Certainly, physicians should not blindly recommend things with no rational reason for those recommendations. But I would beg a kind of special status for medical systems such as Chinese medicine or Ayurveda. They are backed by a very long history of continuous use that has, on the whole, demonstrated their usefulness in strengthening patients in their ability to heal. My vision for integrative medicine is one of qualified healthcare practitioners from a variety of traditions, working side by side for the good of their patients, each honoring the integrity and value of the others' traditions and experience. In addition to the cumulative and by its nature always incomplete evidence produced by scientific studies, the evidence these practitioners observe in the clinical domain will drive integrative medicine forward into the future.

4 comments:

Anonymous said...

That is some weird shit. Well, not really weird, not compared to my weird shit. Glad to see you're thriving (but couldn't see if like me, you're gray in proportion to your most excellent wisdom). Lots to tell you later but don't want our life history published in a blog. Hows everyone?

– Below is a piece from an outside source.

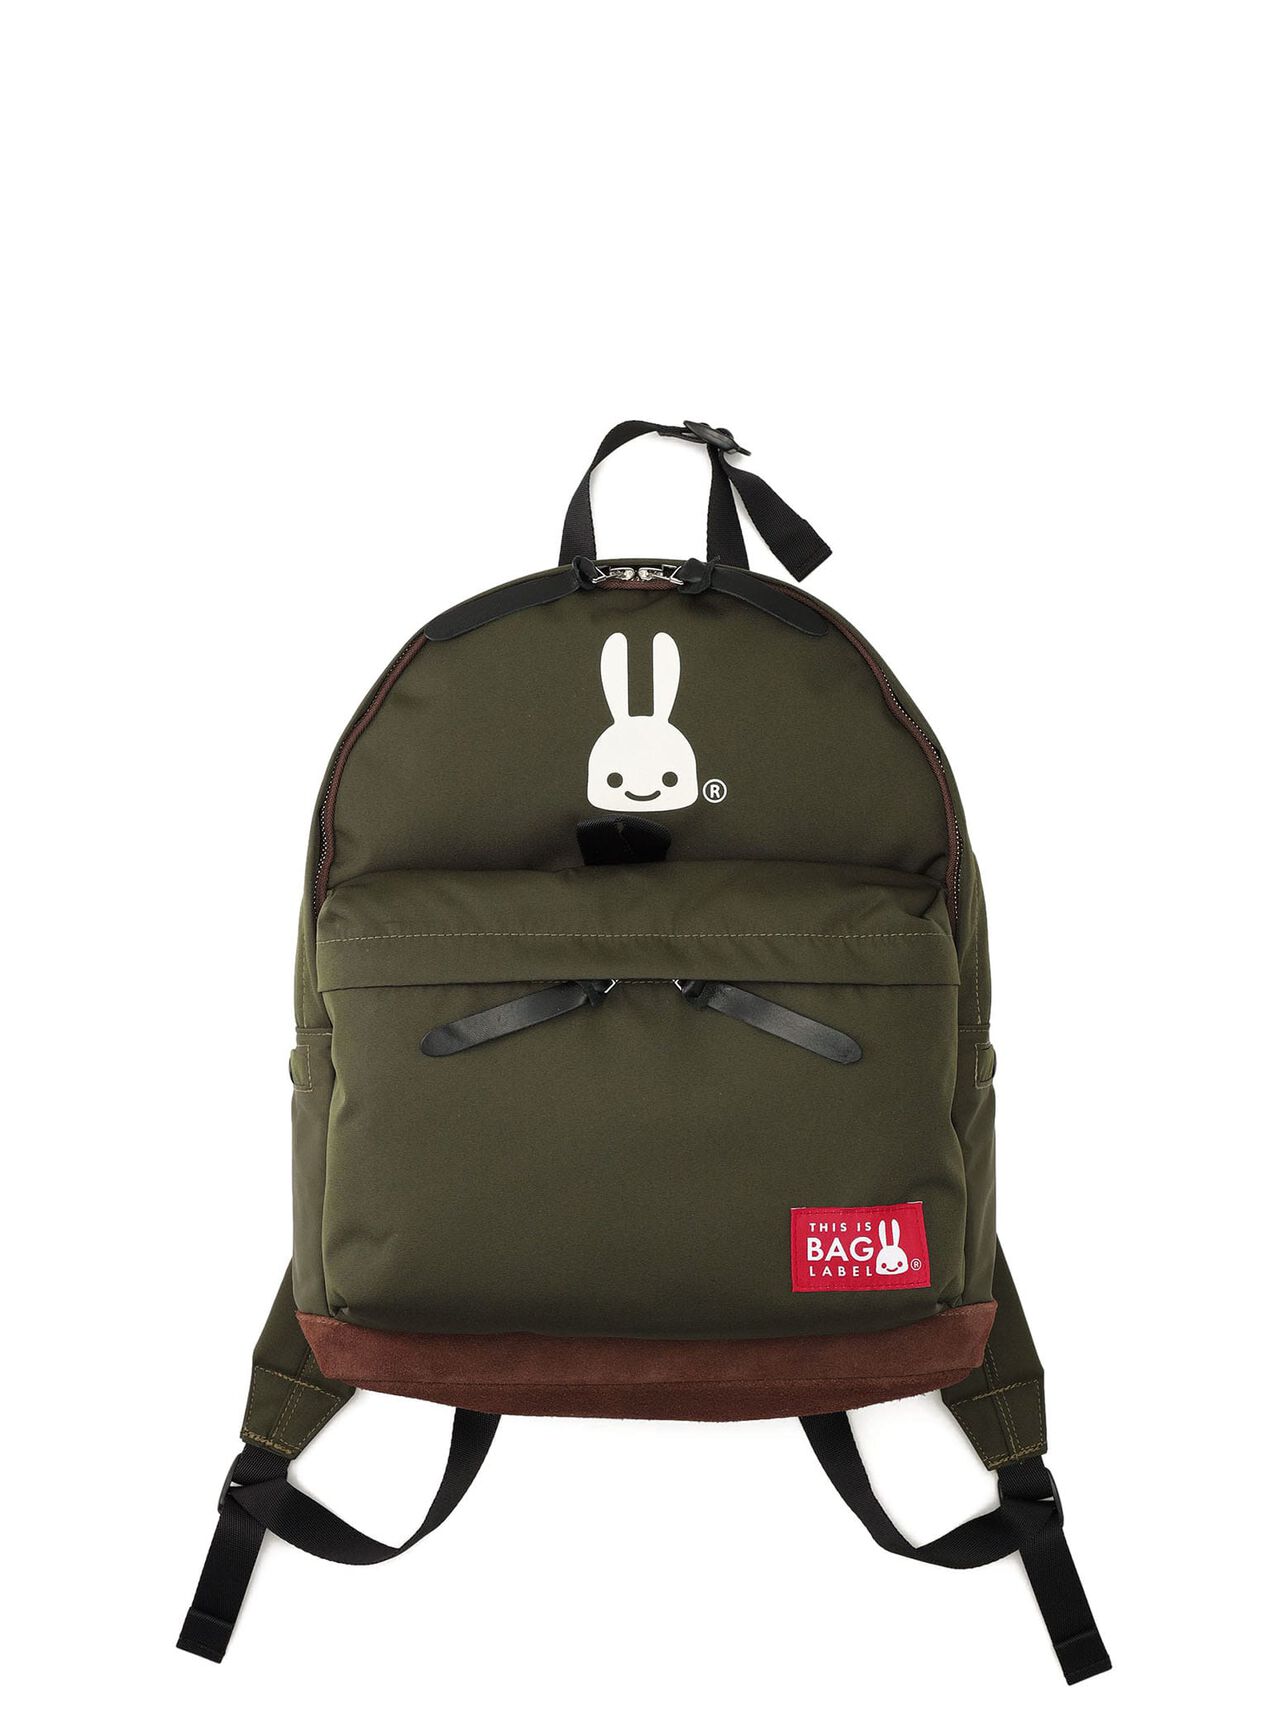 CUNE backpack in Cordura R with leather bottom M,ONE, large image number 0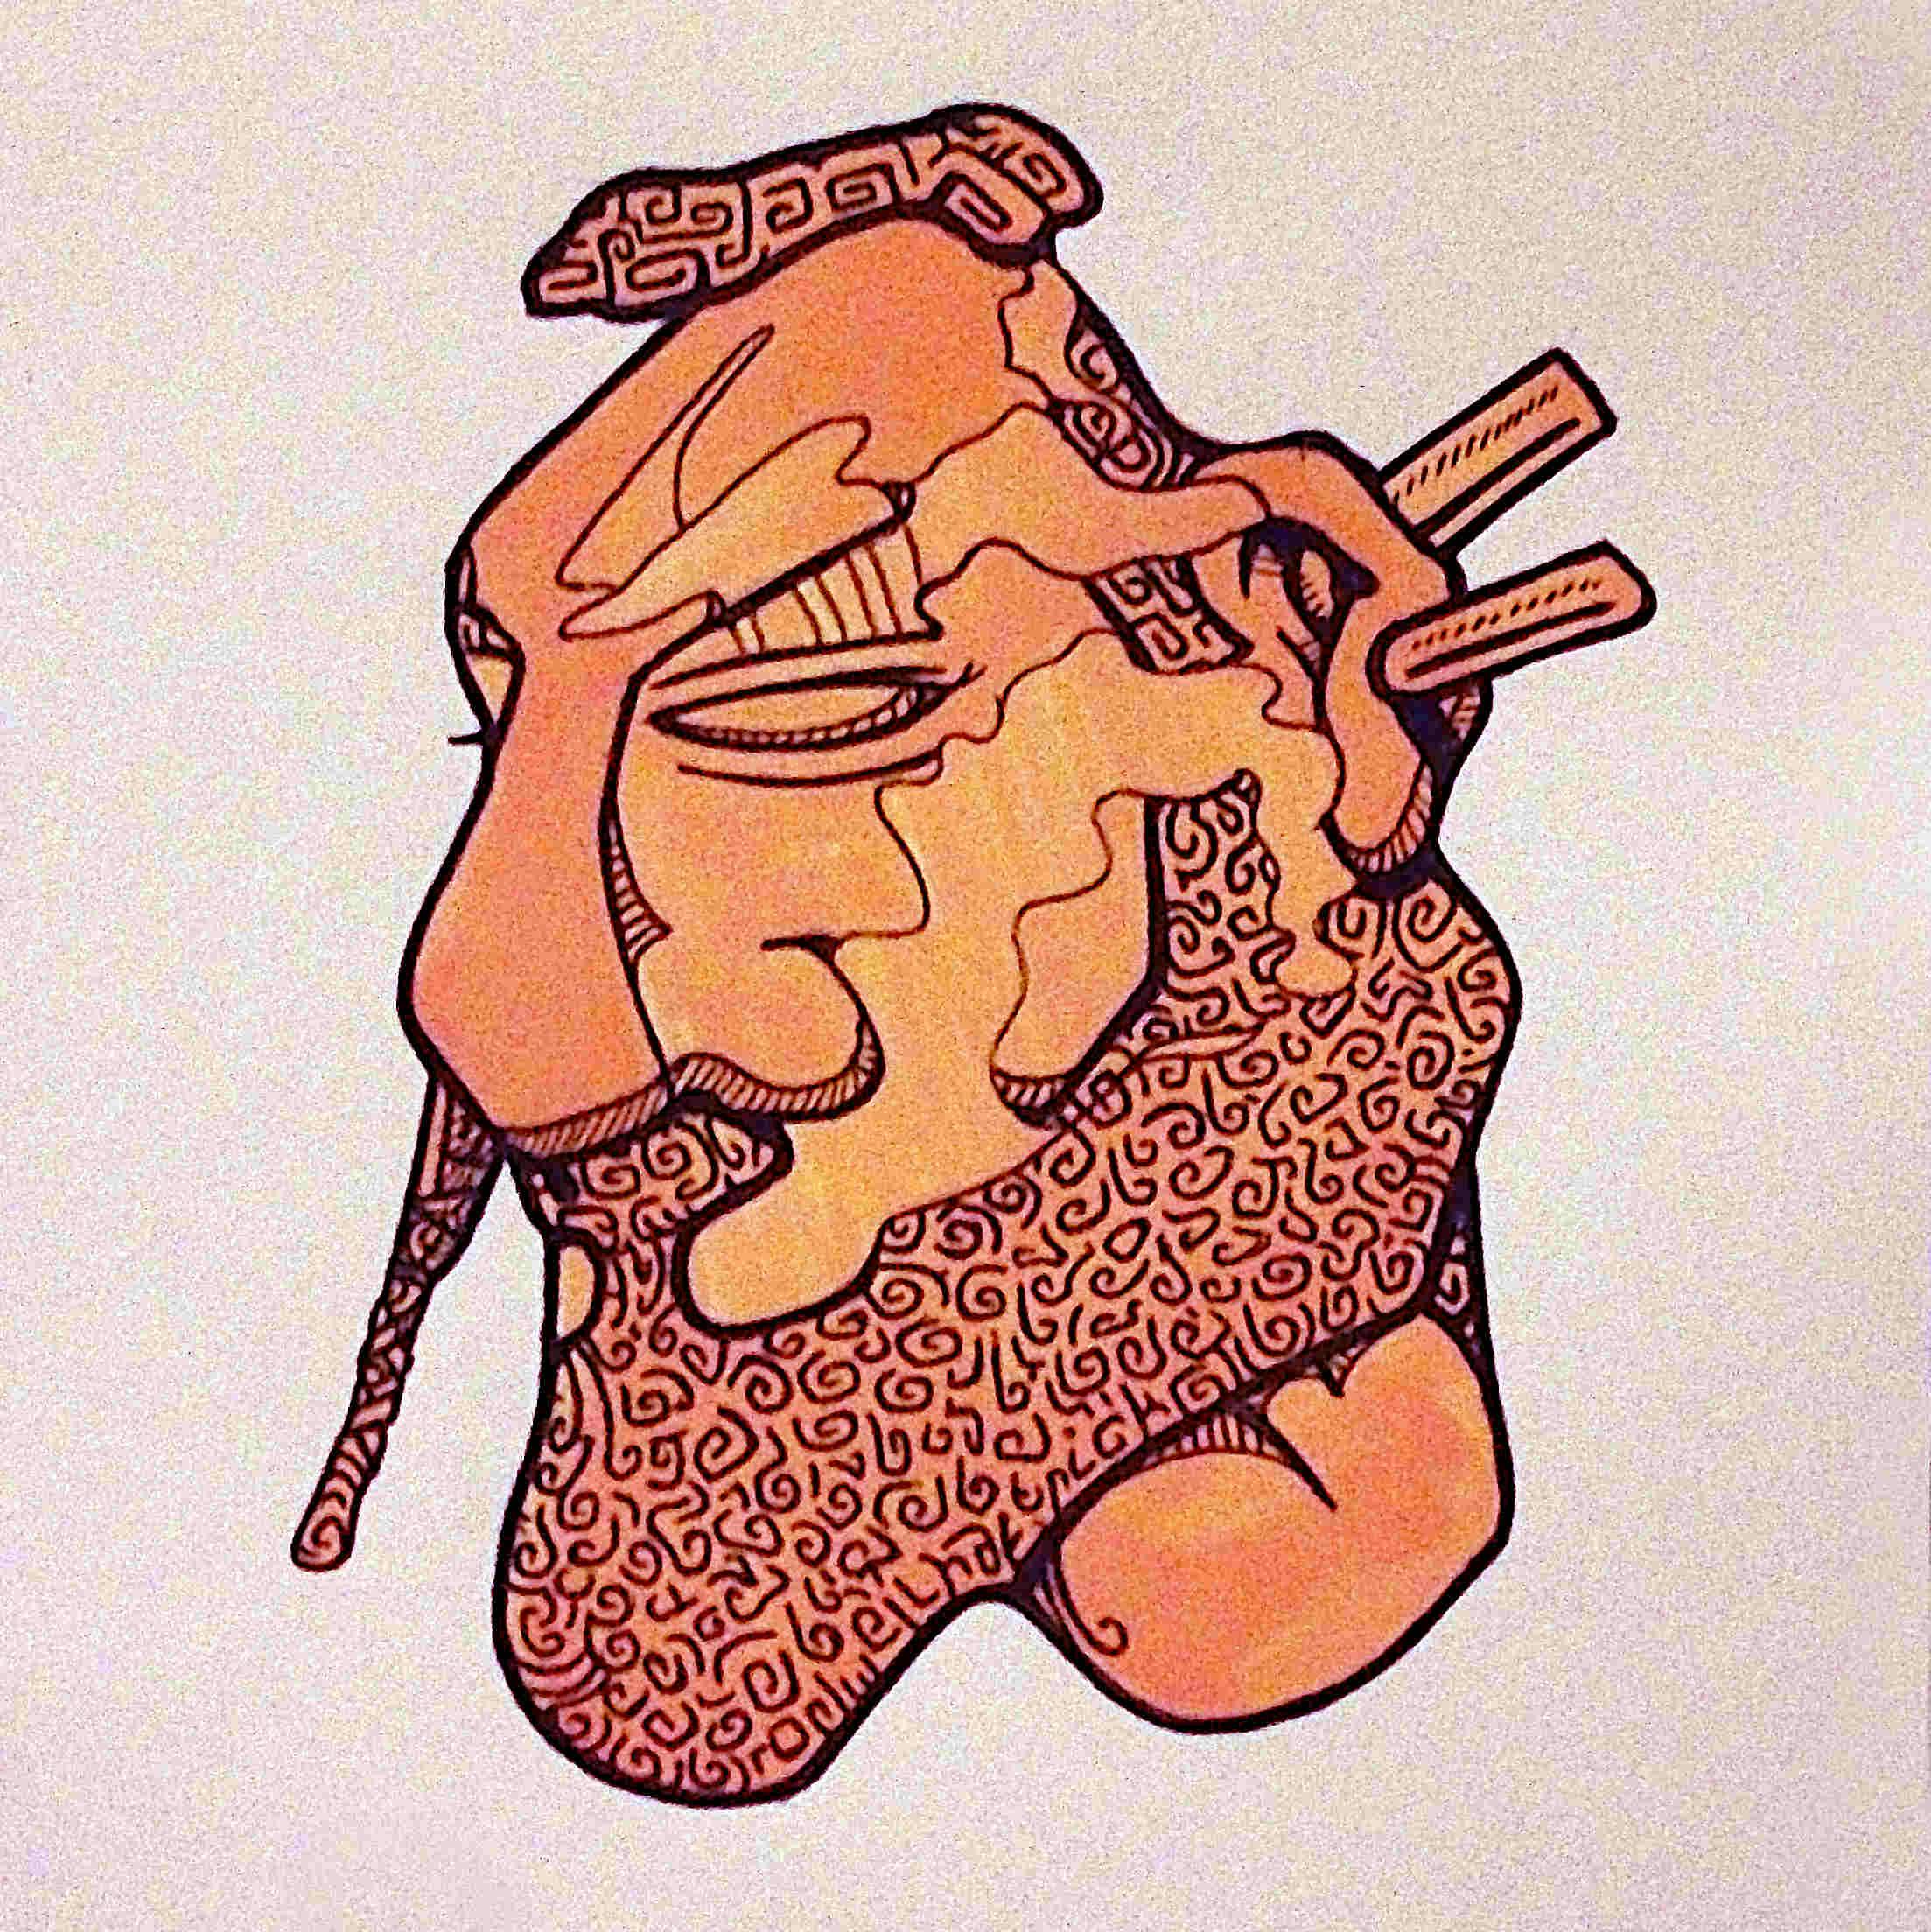 A coloured in drawing of a strange bearded face.

Kid's are thriving, Jenny and I are working our asses off and life only flies by faster and faster. Give me a call if you like, 7073158889, or drop me a line to let me know how everyone is. My regards to everyone (that would remember me/us!).

Halsey

P.S. Don't ask me how I came upon your blog--it was a total accident. I was trying to look up a tcm 'protocol' for retinitis pigmentosa, which Jenny appears to have.

d. moll, l.ac. said...

This is quite a post, I read eagerly on, perhaps too quickly to be sure the rash had, in fact receded. Are you taking any EFA type supplements, cod liver oil, that sort of thing? Of course now it is better, I've found Emu oil quite good for skin inflamation. What an Oddessy!

jessica said...

was researching cheilitis for my husbands lip. wow, what you went through.

Nancy and Friends said...

Hi again Kaz

I just tried to post a comment and think I got lost in preview before posting.

What I basically said is that as a radical phenomenologist I appreciate your anecdotal evidence about your journey of the rash.

In my life I am passionate regarding "social research." I embraced "qualitative inquiry" because I could not see how human experience could be dissected without some unexpected and often damaging outcomes. Even using rating scales, like Likert that is used in psychology, objectifies experience in ways that can be detrimental. Planetary melt down being one example of the natural sciences being double edged.

I learned a lot from your experience and find this kind of evidence helpful, just as I did my last treatment from you.

Gassho,
Nancy in Monterey

PS if I posted twice could you delete the second? thanks again.